Furthermore, if you had

char *teststring2(void) { char *Y = "a test"; return Y; }

then the implementation would be allowed to return Y as pointing
into the same memory as being used to hold "It's a test" .

So... *only* use that kind of assignment when you want "read-only"
access; if you need to write to the string, then use either

char X[12] = "It's a test"; OR
char X[] = "It's a test";
The second of these does the same as the first excepts saves you
from having to count the number of characters. (Remember to
include the hidden trailing 0 that every string has.)

 

[Keith Thompson]

Somebody told me this morning that the following is leagal.

char *a = "It's a test";

The memory is automatically allocated. Is this correct?

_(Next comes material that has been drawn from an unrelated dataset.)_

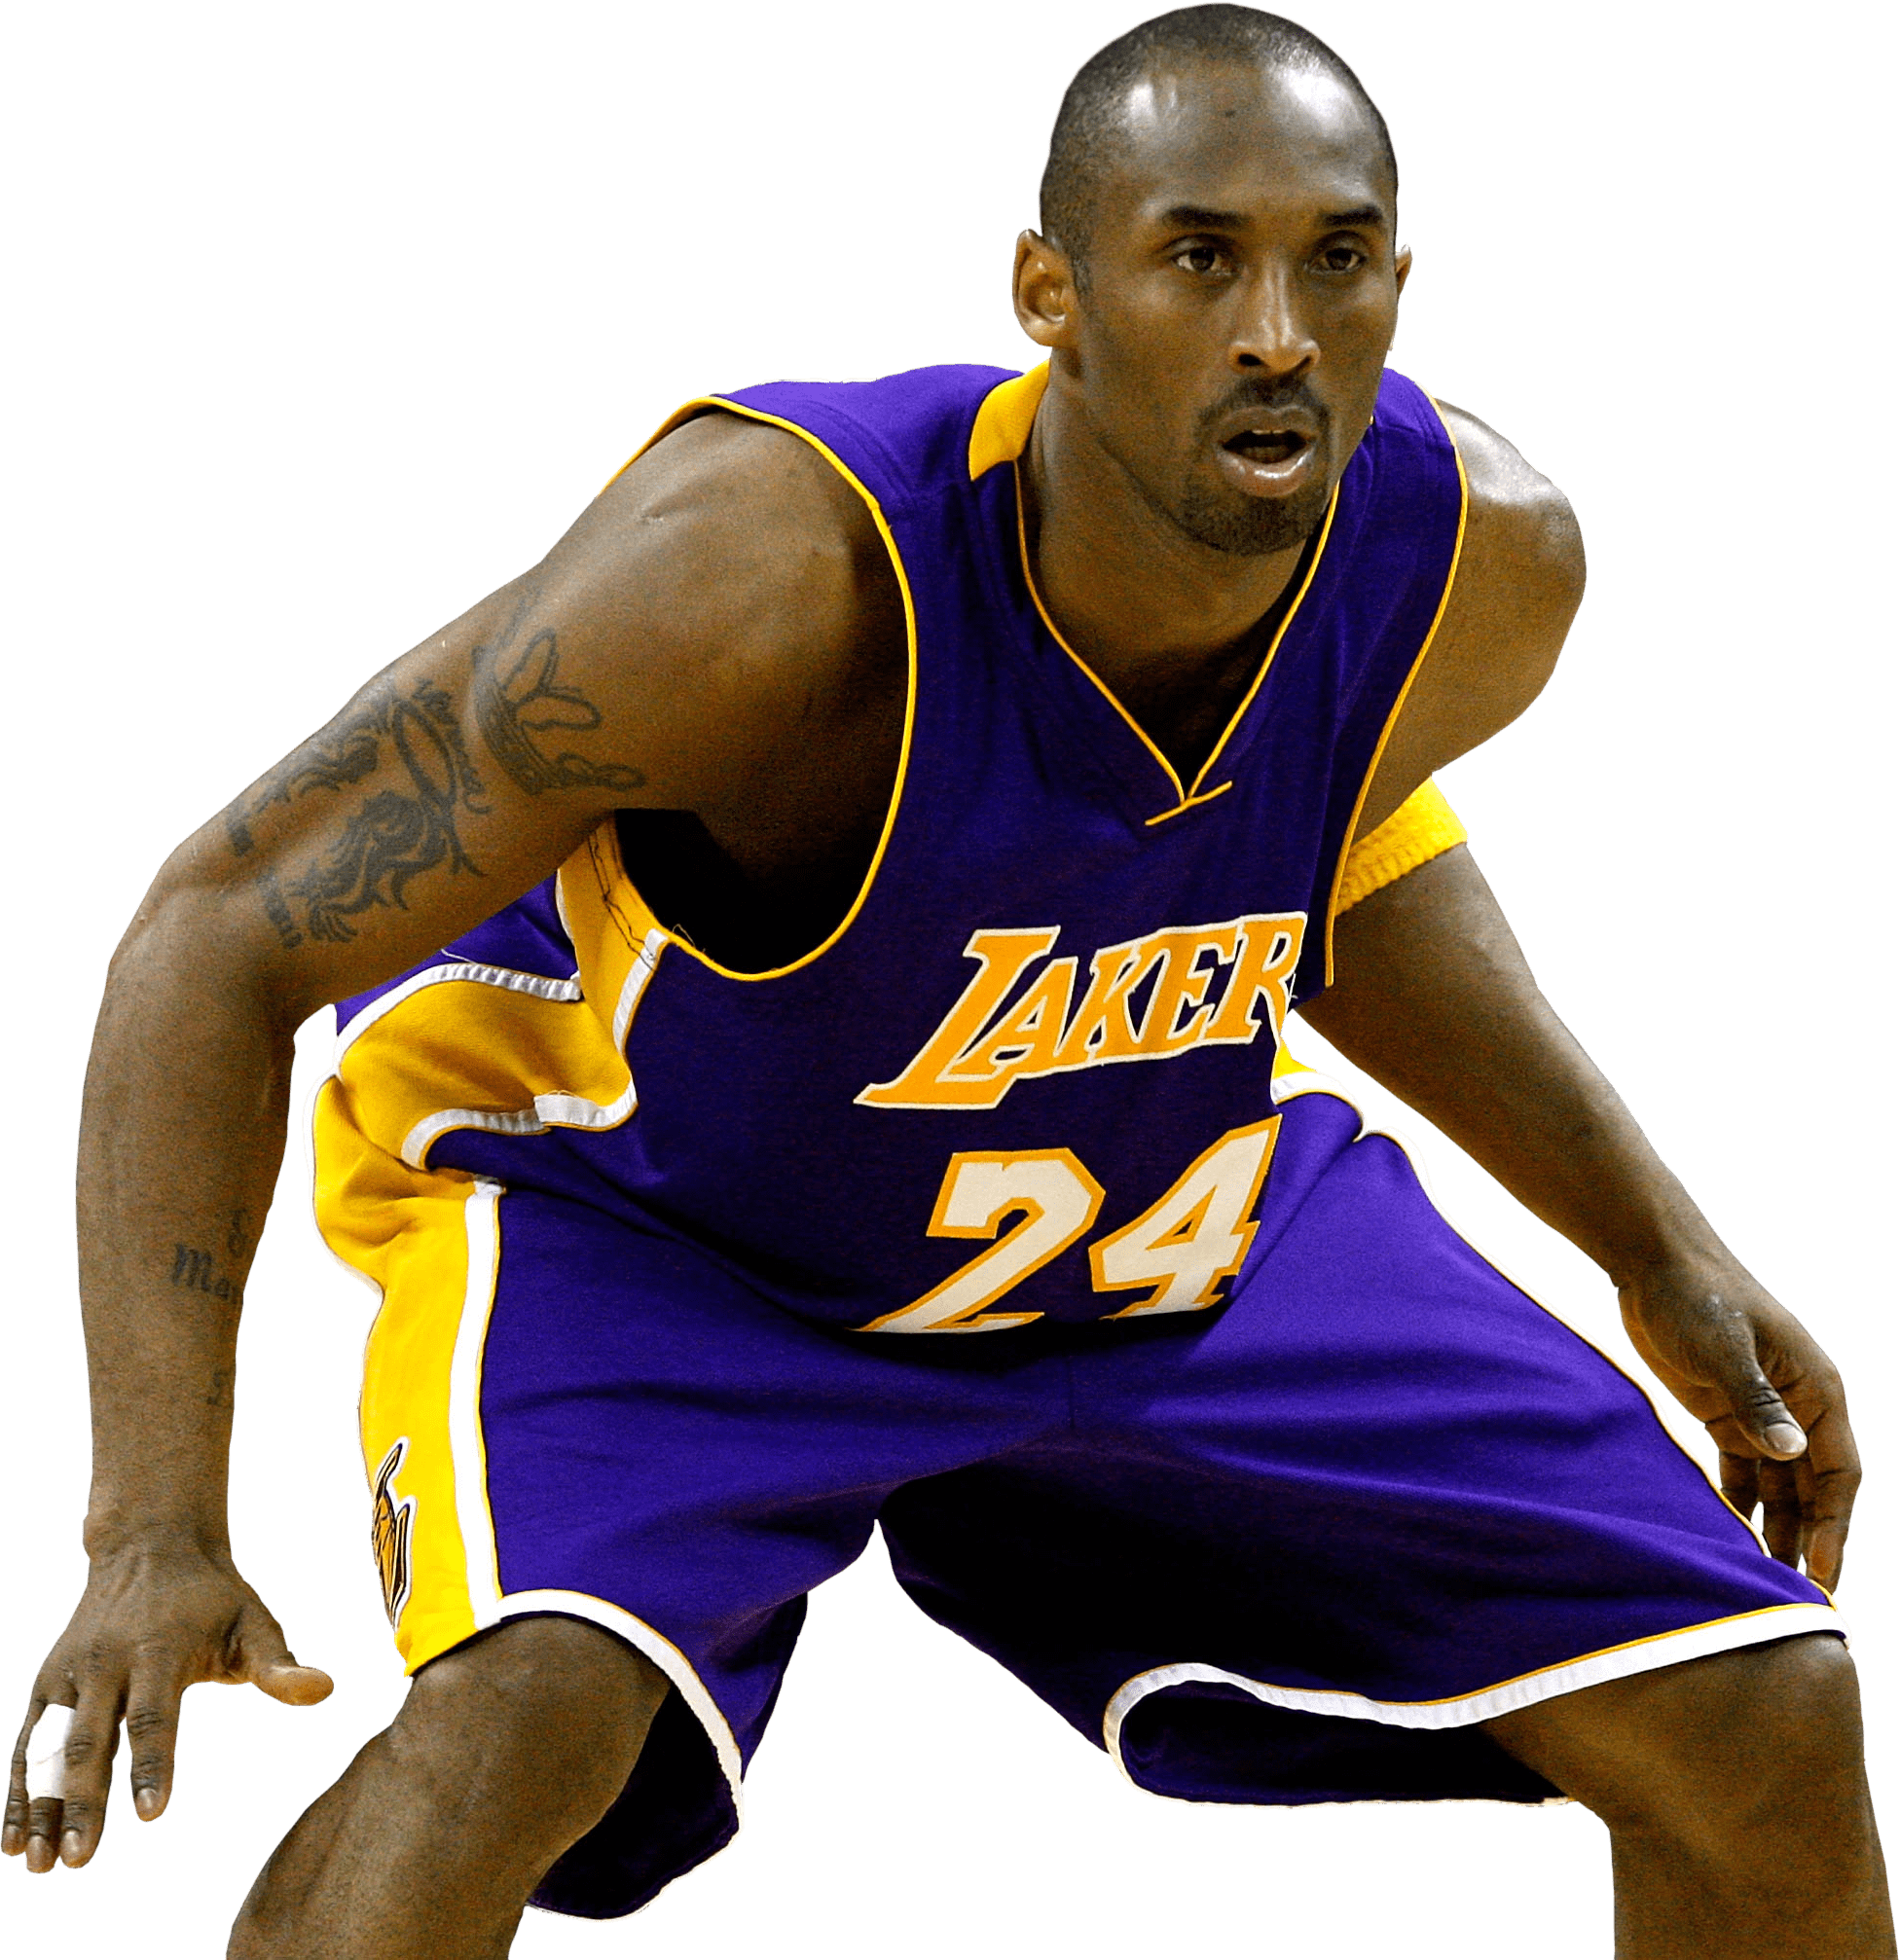 Basketball Players PNG HD - 126872
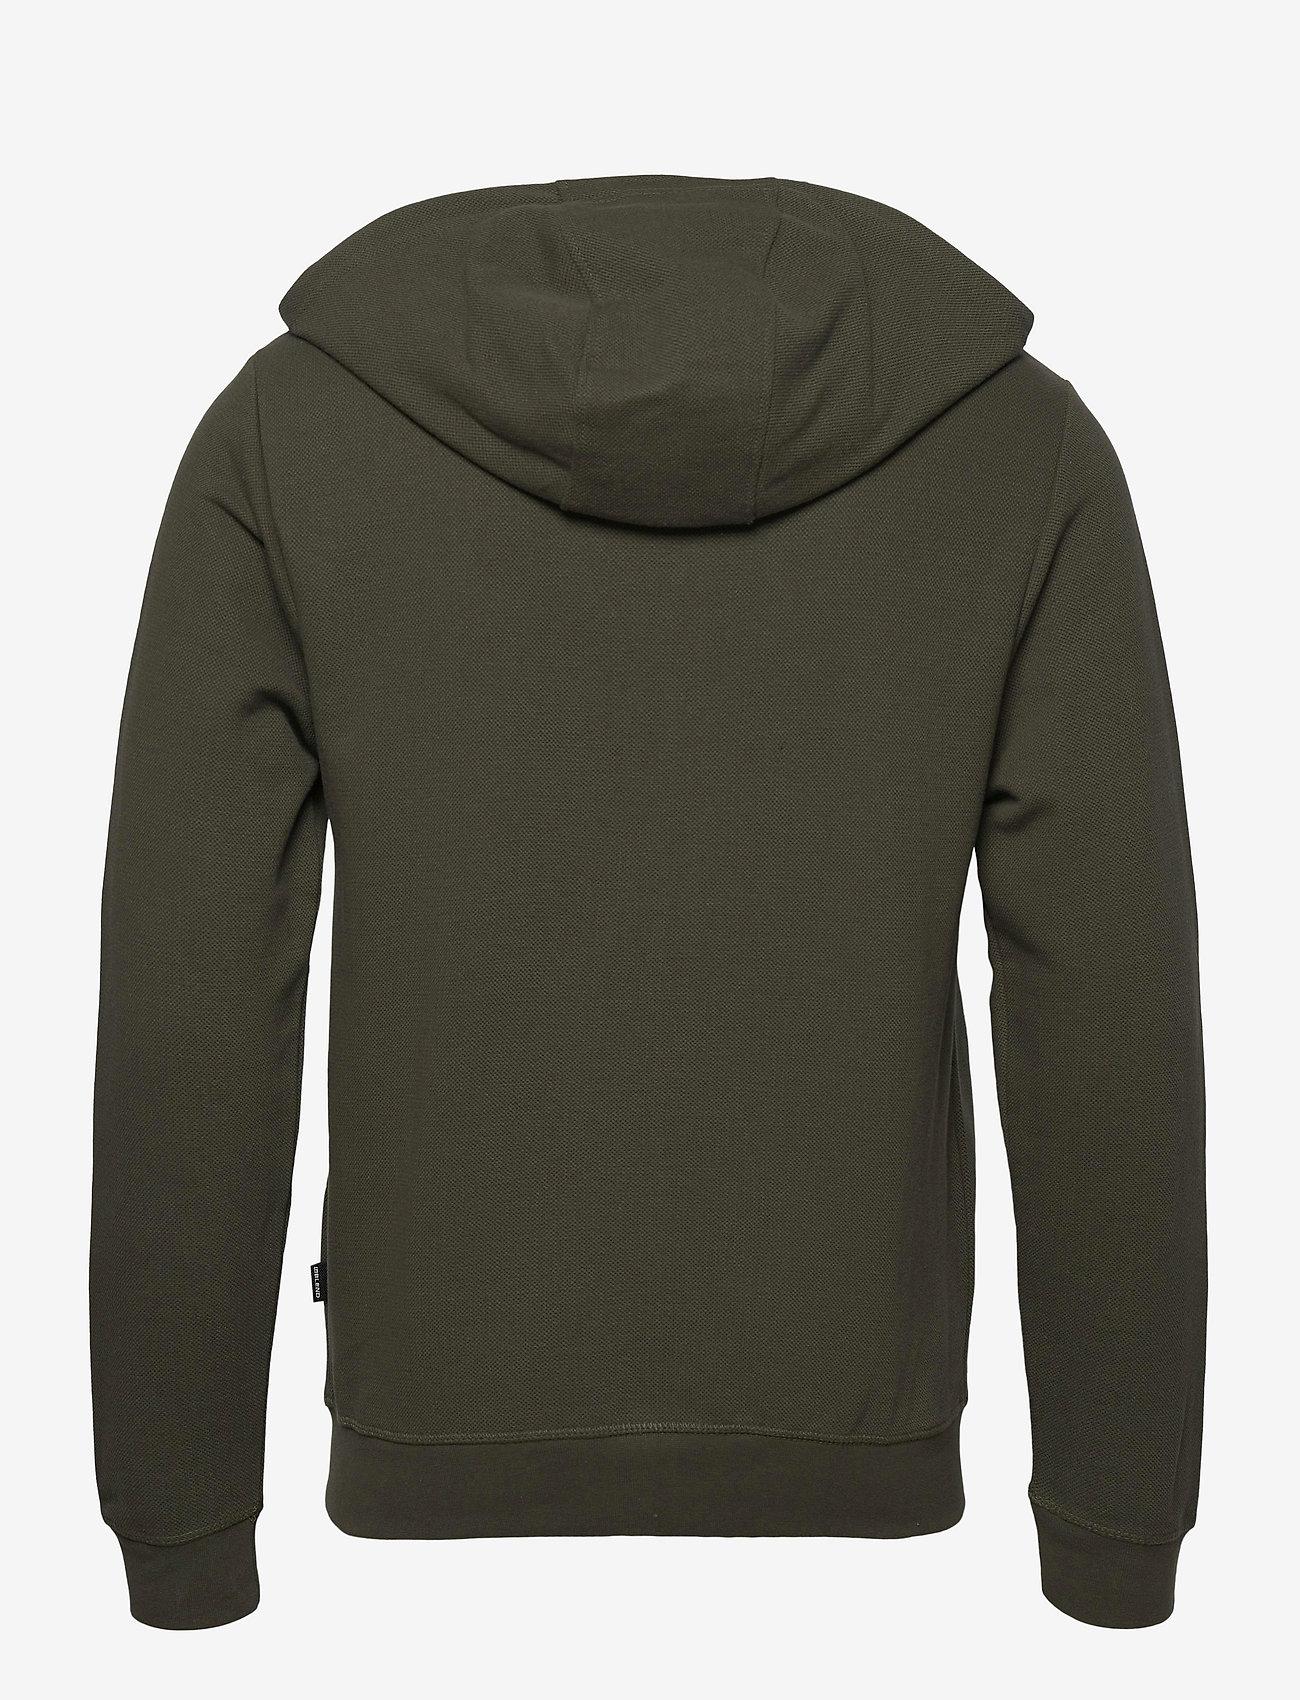 Blend - Sweatshirt - basic sweatshirts - forest night - 1

Yes, but be careful. Tedious details follow.

This will cause 'a' to point to a statically allocated character array
containing the string "It's a test" terminated by a null character.
The phrase "statically allocated" means that this array will exist
throughout the lifetime of your program.

The phrase "automatically allocated" actually has a specific technical
meaning in C. Object (variables) with "automatic storage duration"
are local to a function or block, and cease to exist on exit from the
function or block. These are also referred to as "locally allocated"
or, not entirely correctly, as "stack allocated".

So yes, the memory is "automatically" allocated in the sense that the
allocation is handled for you by the compiler, but not in the
specialized sense of the word used by the C standard.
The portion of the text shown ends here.